Lethal injection table. (Ken Piorkowski via Flickr Creative Commons)

WYOMING – Wyoming is closer than it has ever been to repealing the death penalty. After debating points of morality and money, the House voted 36-21 to pass HB145 at third reading, sending legislation to the Senate that would remove capital punishment as an option for first-degree murder convictions.

In part, and at its core, the bill simply strikes “death” from state statute concerning its penalties for murder in the first degree. “A person convicted of murder in the first degree shall be punished by death, life imprisonment without parole or life imprisonment according to law…”

Surprising? Not according to many who have been watching nationwide trends. And as some politicos point out: It’s not Dems doing it.

So far in 2019, in addition to Wyoming, there are Republican-sponsored death penalty repeal bills already introduced in three other states—Kentucky, New Hampshire, and Washington—with more anticipated.

In 2018, both houses of the Republican-controlled New Hampshire state legislature overwhelmingly passed a death penalty repeal bill that was vetoed.
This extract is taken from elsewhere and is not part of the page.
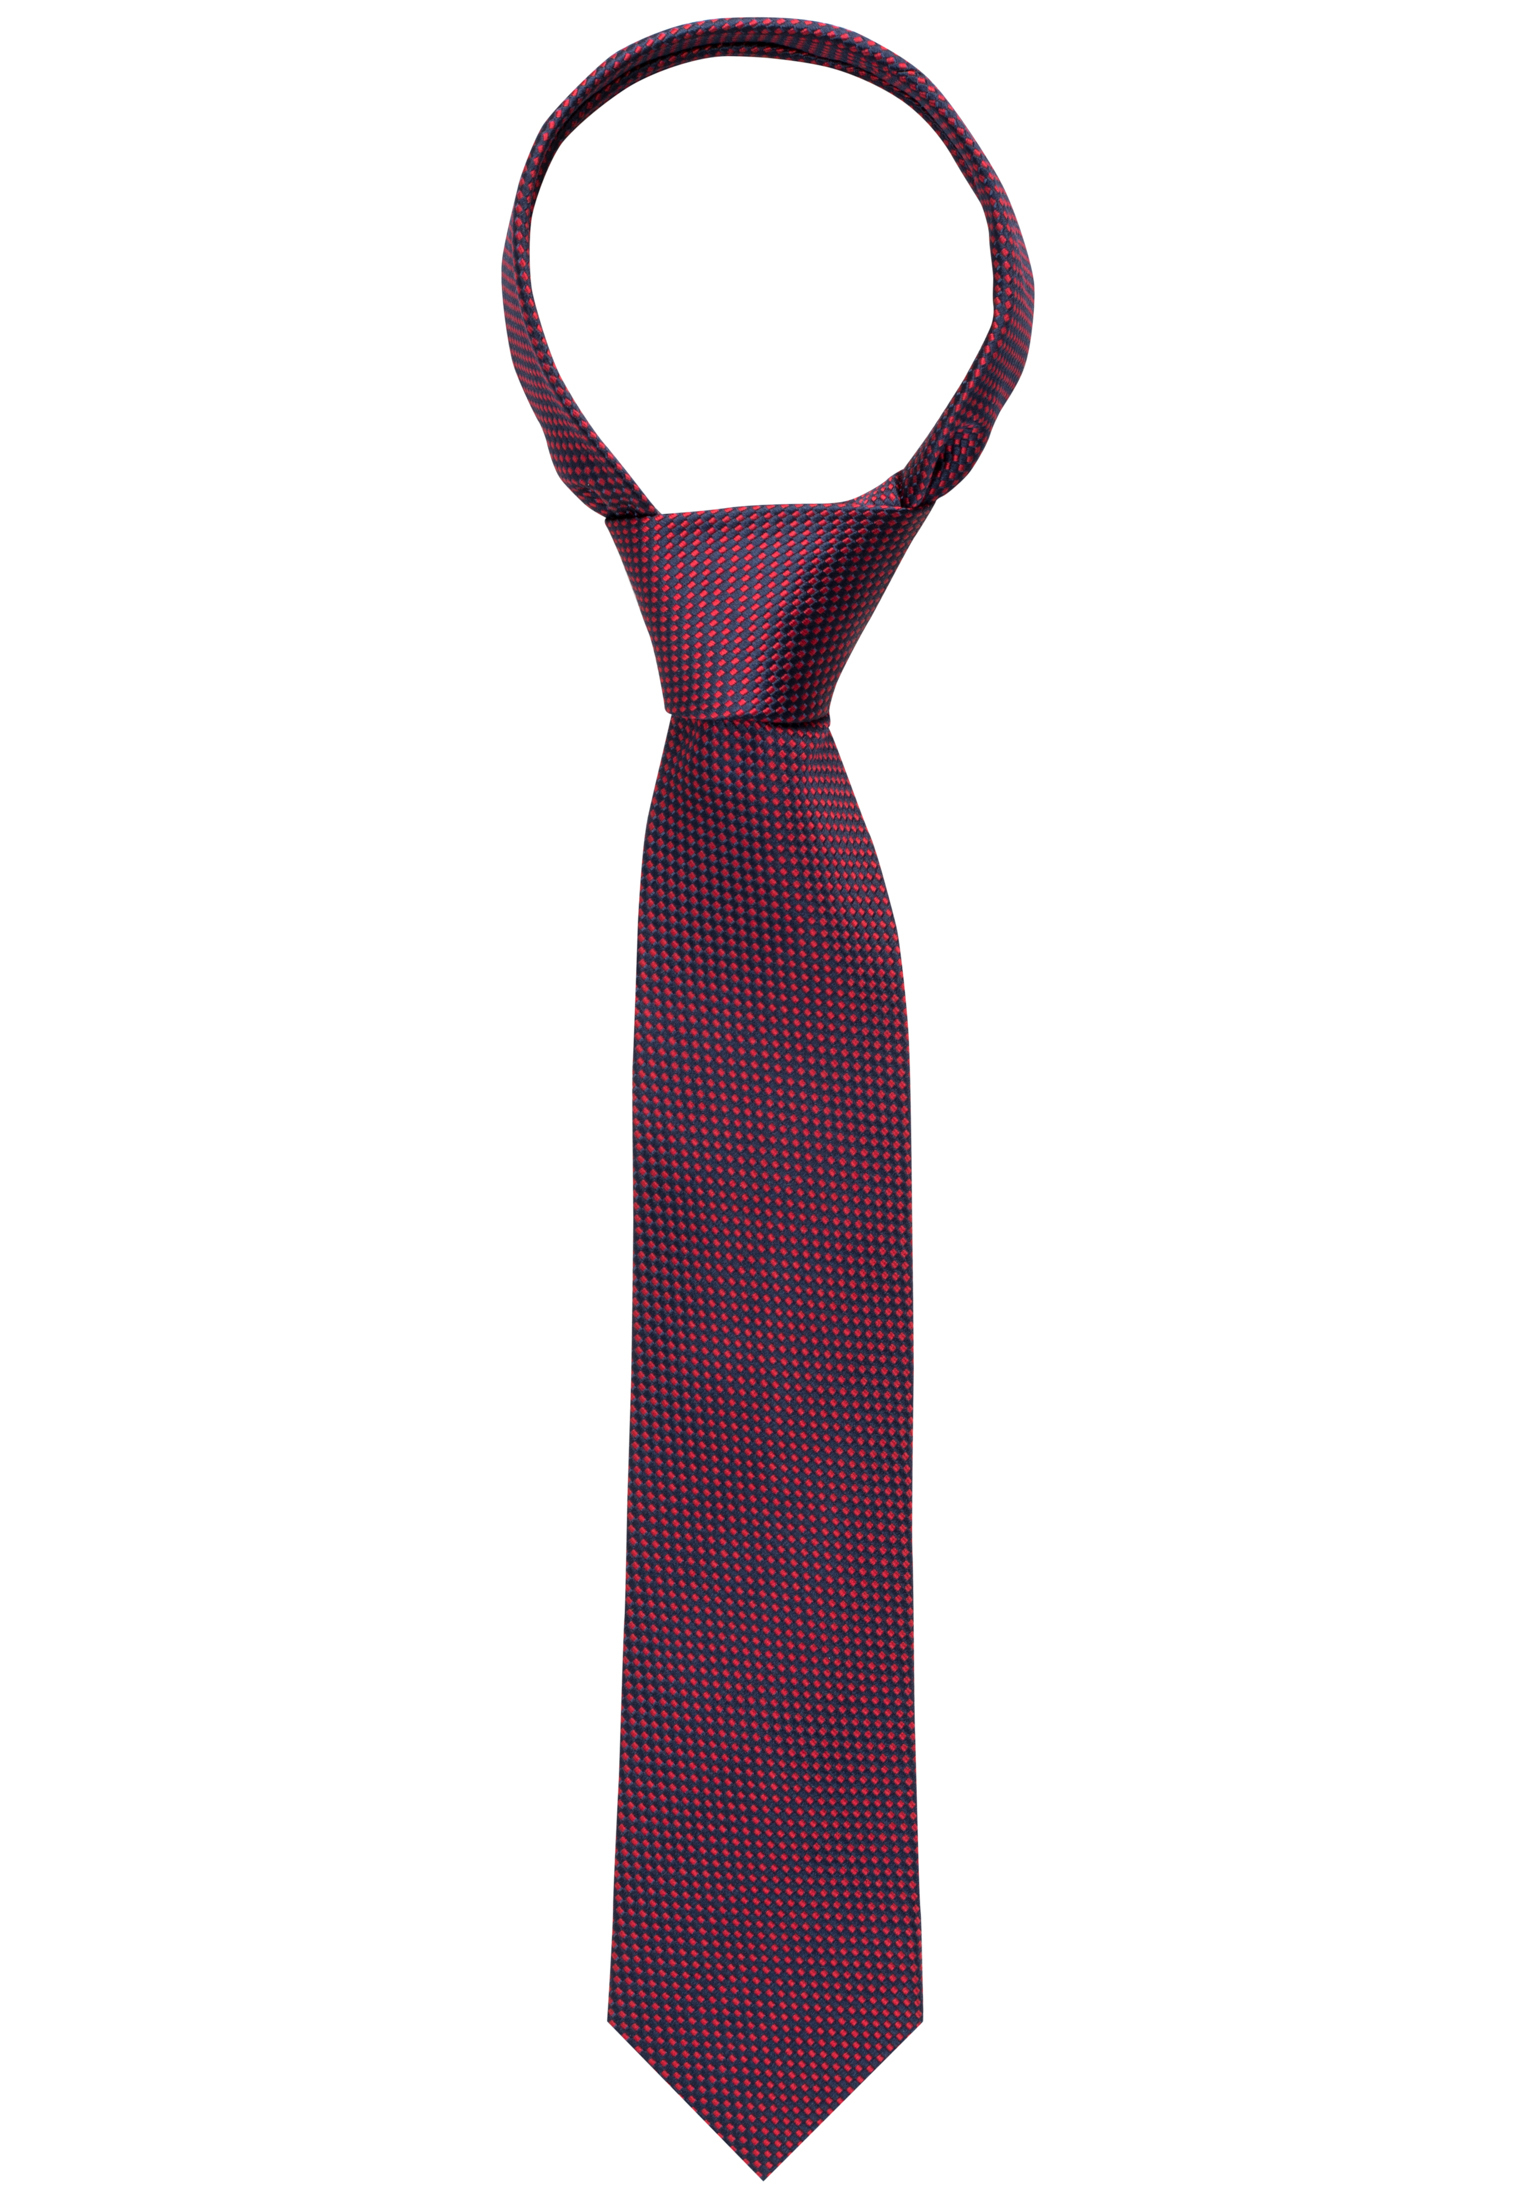 Krawatte in navy/rot strukturiert | 1AC00534-81-89-142 | navy/rot | 142

Studies show a significant increase in Republican state legislators opposing the death penalty from 2012-2017.

“With only nine Democrats in the Wyoming House of Representatives, this vote was driven by Republicans who value life, who want to be fiscally responsible, and who believe in limiting the scope of government,” said Hannah Cox, national manager for Conservatives Concerned About the Death Penalty. “This active leadership of conservative state legislators wanting to end the death penalty reflects the trend we are seeing across the country. Wyoming is the latest signal that the death penalty is on its way out and that conservatives are leading the way.”
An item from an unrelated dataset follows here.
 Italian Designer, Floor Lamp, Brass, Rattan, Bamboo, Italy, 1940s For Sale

GOP representatives in the House cited various reasons why they voted to end capital punishment in the Equality State.

Rep. Sue Wilson (R-Cheyenne) said that she was once a death penalty supporter. But then she realized that, as in so many other cases, the government can—and often does—make mistakes. She said the thought of executing an innocent person horrified her.

Mugshot taken of Hopkinson following his 1978 arrest. (Laramie County Sheriff’s Office)

Rep. Danny Eyre (R-Lyman) said he’d always believed in capital punishment—he’d even argued on behalf of it in high school debate club. But then he saw the fallout in his own community when Wyoming executed Mark Hopkinson in 1992, the last person to be put to death in this state. Eyre grew up with Hopkinson and knew his family. When the state put him down, Eyre said, even Hopkinson’s horrible crime didn’t seem to justify the emotional and psychological harm in his small town that followed the execution.

The 30-member Senate includes just three Democrats so, again, it would be up to Republicans to do the heavy lifting if the bill were to be passed on to the Governor for signing.

Currently, capital punishment is a legal penalty in 30 states including Wyoming. Wyoming has executed 18 men since statehood—13 by hanging hanged, four by lethal gas, and one by lethal injection.

No one is on ‘death row’ right now in Wyoming since Dale Eaton received a stay of execution in 2014, later upheld on appeal in 2015.